It works whether you run a single g4dn.xlarge or a fleet of A100s.

All code lives in the companion repo: 👉 https://github.com/Tazmainiandevil/eks-gpu-inference-autoscaling

Why This Architecture Exists

GPU nodes are expensive. A single p4d.24xlarge costs ~$32/hr on‑demand.

If your traffic is:

  • quiet at night
  • busy during the day
  • unpredictable during peak hours

…then paying for always‑on GPU capacity is pure waste.

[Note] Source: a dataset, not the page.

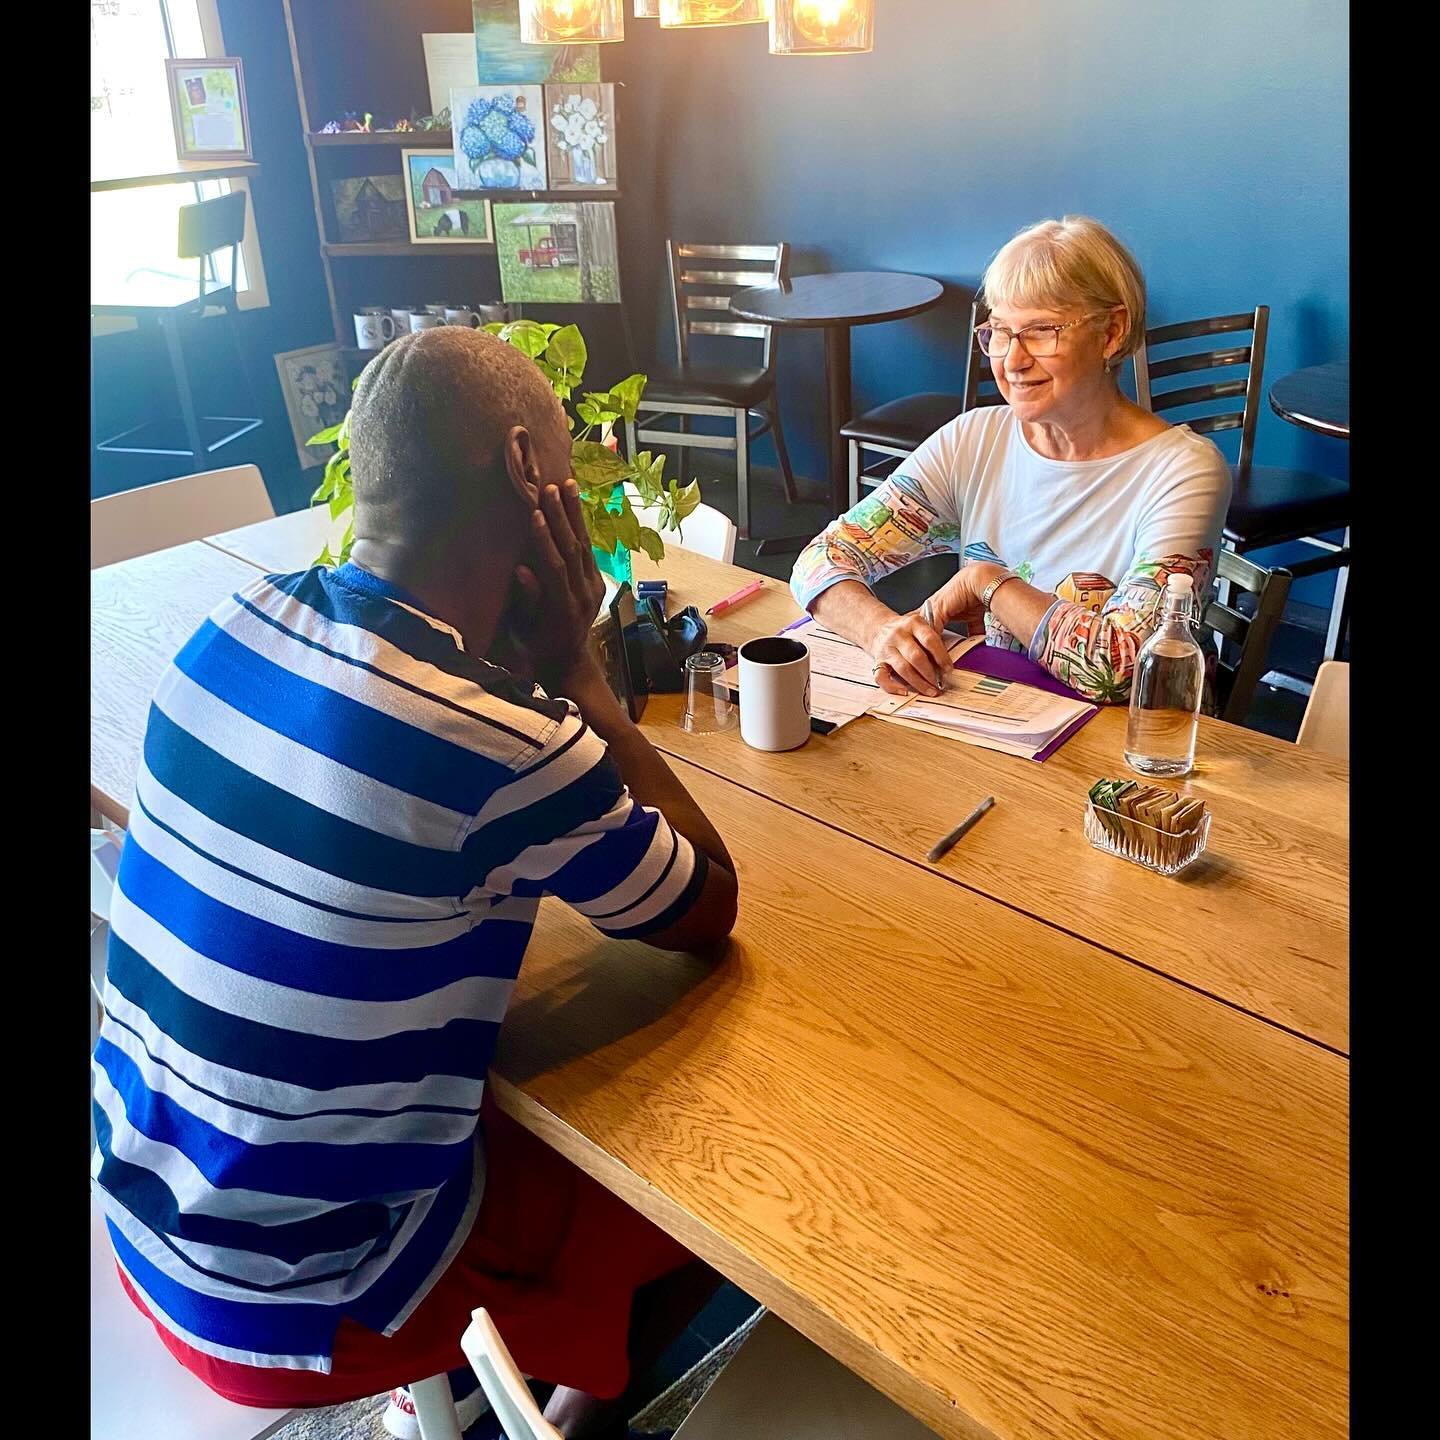 In case you didn&rsquo;t know! We have open interviews every Thursday from 9am-12pm with our lovely Ms. Sharon! Come on into the Dignity Roasters coffee shop for more information and to have an interview! 🤩👍🏻🥳📄 #dignitynotdependency #comeonin #i

But scaling to zero introduces its own problems:

  • GPU node provisioning
  • Large image pulls
  • Model weight loading
  • CUDA initialisation
  • Slow ECR bandwidth
  • Cold-start latency that can stretch into minutes

This architecture eliminates the false choice between:

Always‑on GPU waste

Cold‑start disasters

and gives you:

Elastic GPU capacity

Predictable cost

Fast warm starts

Production‑grade reliability

It’s built from components that each solve a specific pain point:

  • Karpenter → fast, flexible GPU node provisioning
  • KEDA / Knative → pod‑level autoscaling for async + HTTP workloads
  • Dragonfly → P2P image distribution that eliminates ECR bottlenecks
  • NVIDIA Device Plugin + GFD → predictable GPU scheduling
  • ArgoCD → GitOps-driven reproducibility
  • Terraform → infrastructure as code

Together, they give you GPU elasticity without the cost burn.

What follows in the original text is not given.